腹からの出血はそれなりに治まりつつあったが、然しそれでも完全には止まっておらずギア・クライムの毛を染めていく。

「(……一先ずこの煩わしい傷を治療するか。アタッチメント・サモン、クレイジー・ドクター)」

 ギア・クライムの手元に小さな救急箱のようなものが現れる。妙に薄平たいそれはノートパソコンのような装置であり、内蔵されたキーを弾けば側面部から複雑なコードらしきものが幾つも飛び出しては腹の傷へ向かっていく。

「(クレイジー・ドクター……死者の蘇生以外の如何なる傷病も治療しうるアタッチメントだが……)」

 コードが傷口に入り込んだ瞬間、ギア・クライムの表情が耐え難い程の苦痛に歪む。

「(――っっっ! 開発途中な所為で治療に際し激痛が走るという不具合がある。然しその治療はまさに一瞬だ。……然し本当にシャレにならん痛みだな。まるで指が出血しそうな程ひび割れているのに無理をして冷水と泡石鹸で丹念に手を洗い、エタノールで消毒したかのような……この戦いが終わったら本格的な改良に取り組まねばならんな。場合によっては治療のスピードを落とすことも視野に入れねばならんか……)」

 かくして瞬時に治療を終えたギア・クライムは、改めて永谷との戦いに挑まんと次なる形態へ移行する。

「ホイール・チェンジ――デッドリー・レックス」

 宣言と同時に彼の身体を覆う長毛は若干波打った淡い水色の短毛へと生え変わり、元々は控えめだった耳が際立って肥大化。更に白衣が消滅し、代わりに赤と白のプロテクターが現れ彼の首から下を包み込んだ。

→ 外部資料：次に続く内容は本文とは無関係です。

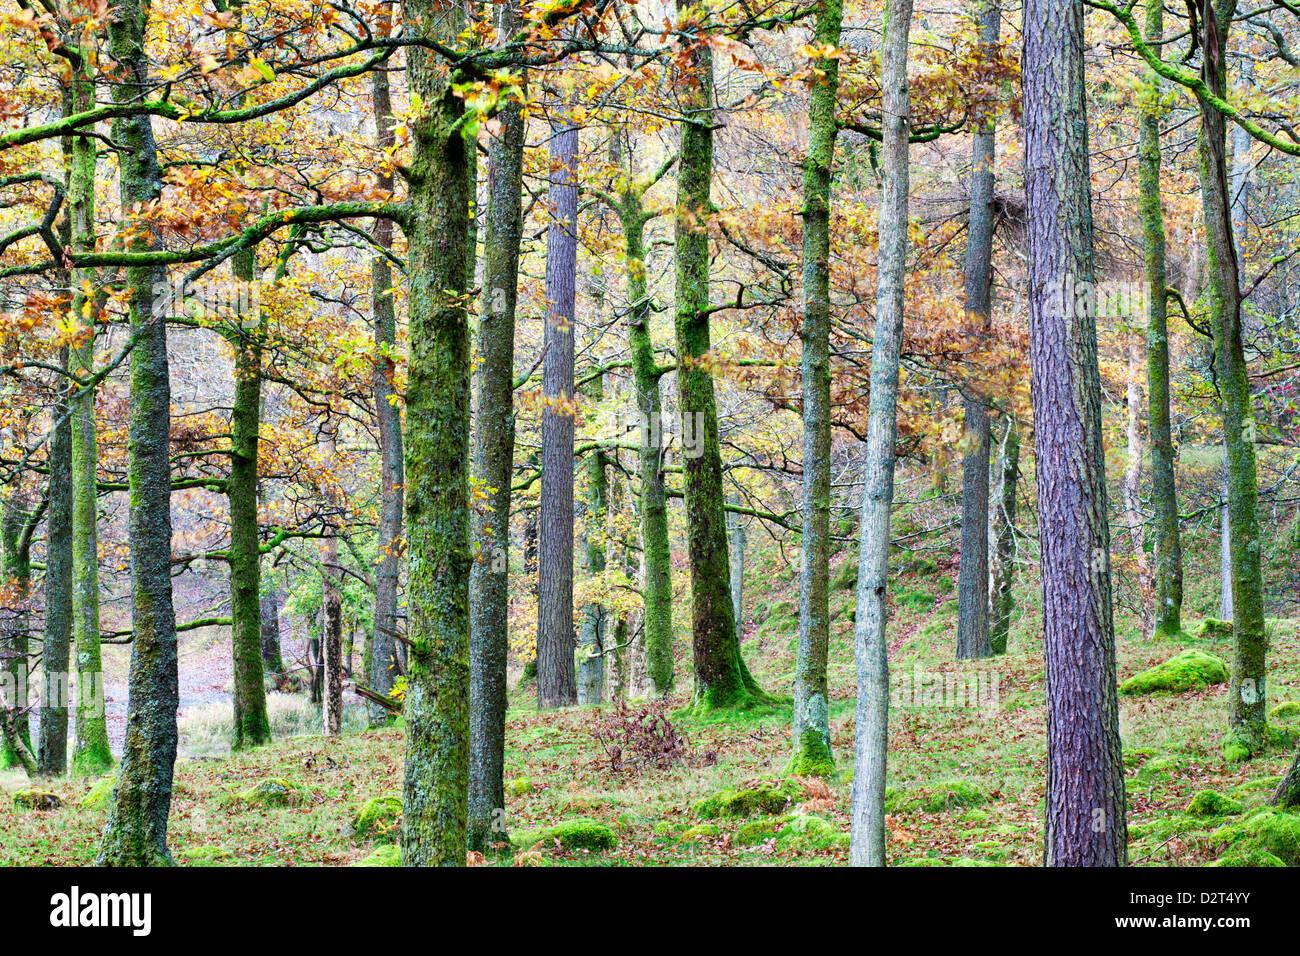 Pine trees in woodland near Grange, Borrowdale, Lake District National Park, Cumbria, England, United Kingdom, Europe - Stock Image
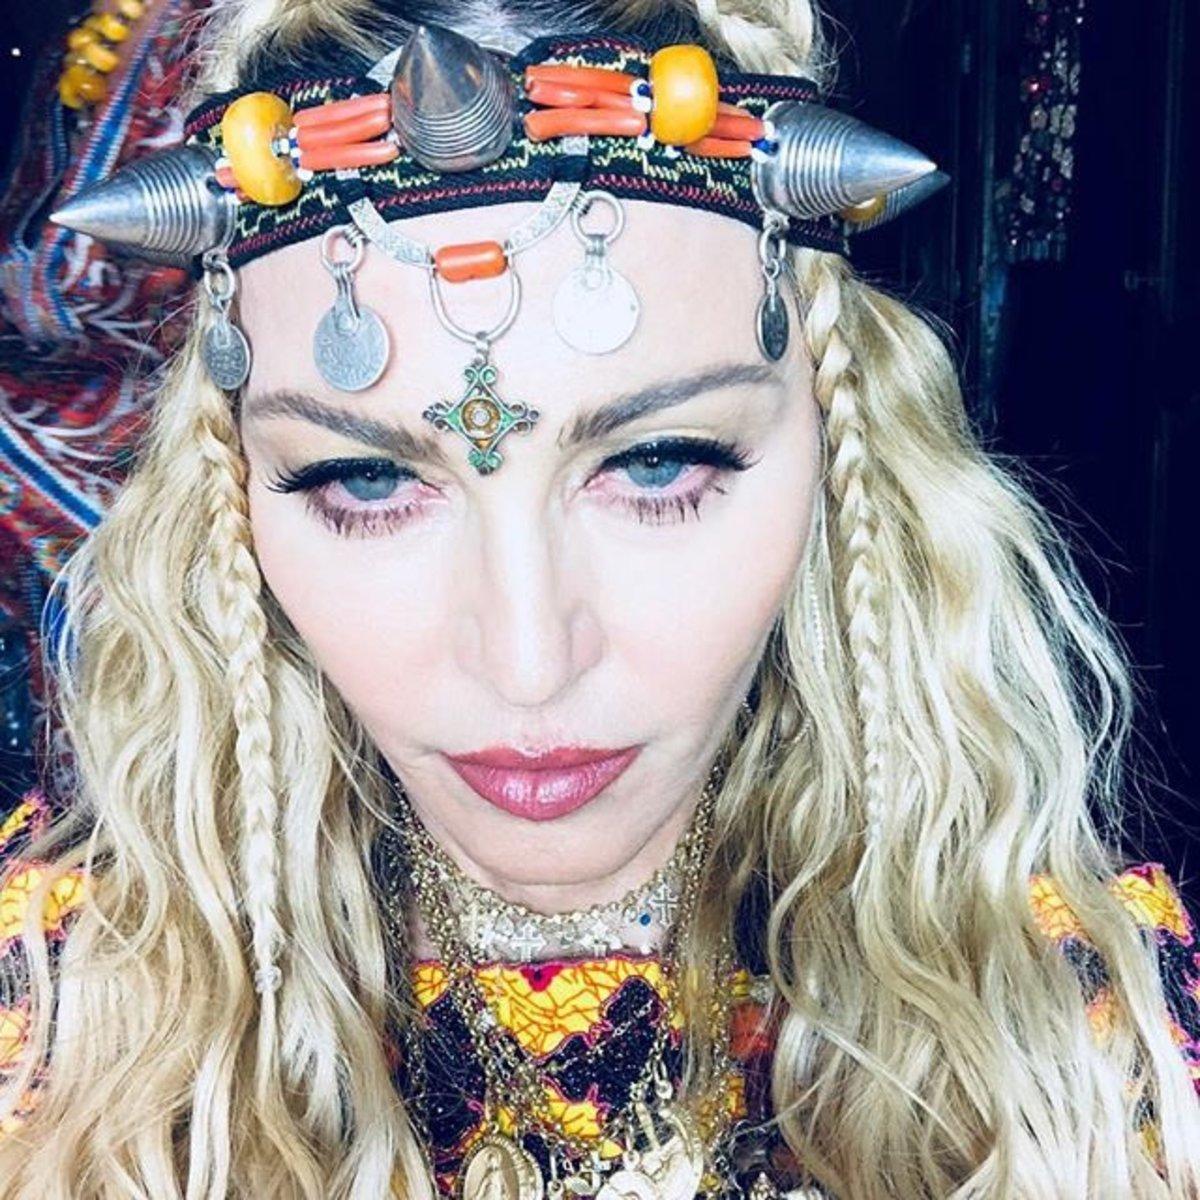 Happy Birthday Madonna – Οι ευχές των διασήμων στη βασίλισσα της ποπ!

「……"答え"を考えるのは暫くやめだ。今はただ、戦うことに力を尽くそう……行くぞピンクワスプ! 肉団子の貯蔵は十分かっ!?」

「へ? な、え!? 何!? 何なんですか一体!? えっちょっ待って下さいDr.スタインバート! 一体何が――」

「待たーん!」

「ぐわばーっ!?」

 それまでずっと装備のマシントラブルと戦っていた永谷の華奢な体は、ギア・クライムの凄まじい突進により盛大に吹き飛ばされた。

「っぐ、ぬぅぅ……動かなくなったと思って油断していたらこのザマですか……然しギア・クライム、貴方のそのやけにメカメカしい姿は一体何なのです?」

「さっきのは油断を通り越した何かだったと思うが……この姿は名をデッドリー・レックスと言ってね、現状実戦で運用可能と断言できる内ではスペック上最強の形態だ。詳細は……戦ってみればわかることだ。どの道単純な使い方しかできんし説明するのも面倒なのでね」

「言いつつ身構えておられる辺り本気のようですね。ならば仕方ありません、私も切り札を使うとしましょうか……この機能は丁度貴方みたいな方を相手取ってこそ真価を発揮しますし」

 思わせ振りに言う永谷の傍らには、色の異なる二つの六面ダイスが不規則な動きでゆっくり回転しながら浮遊していた。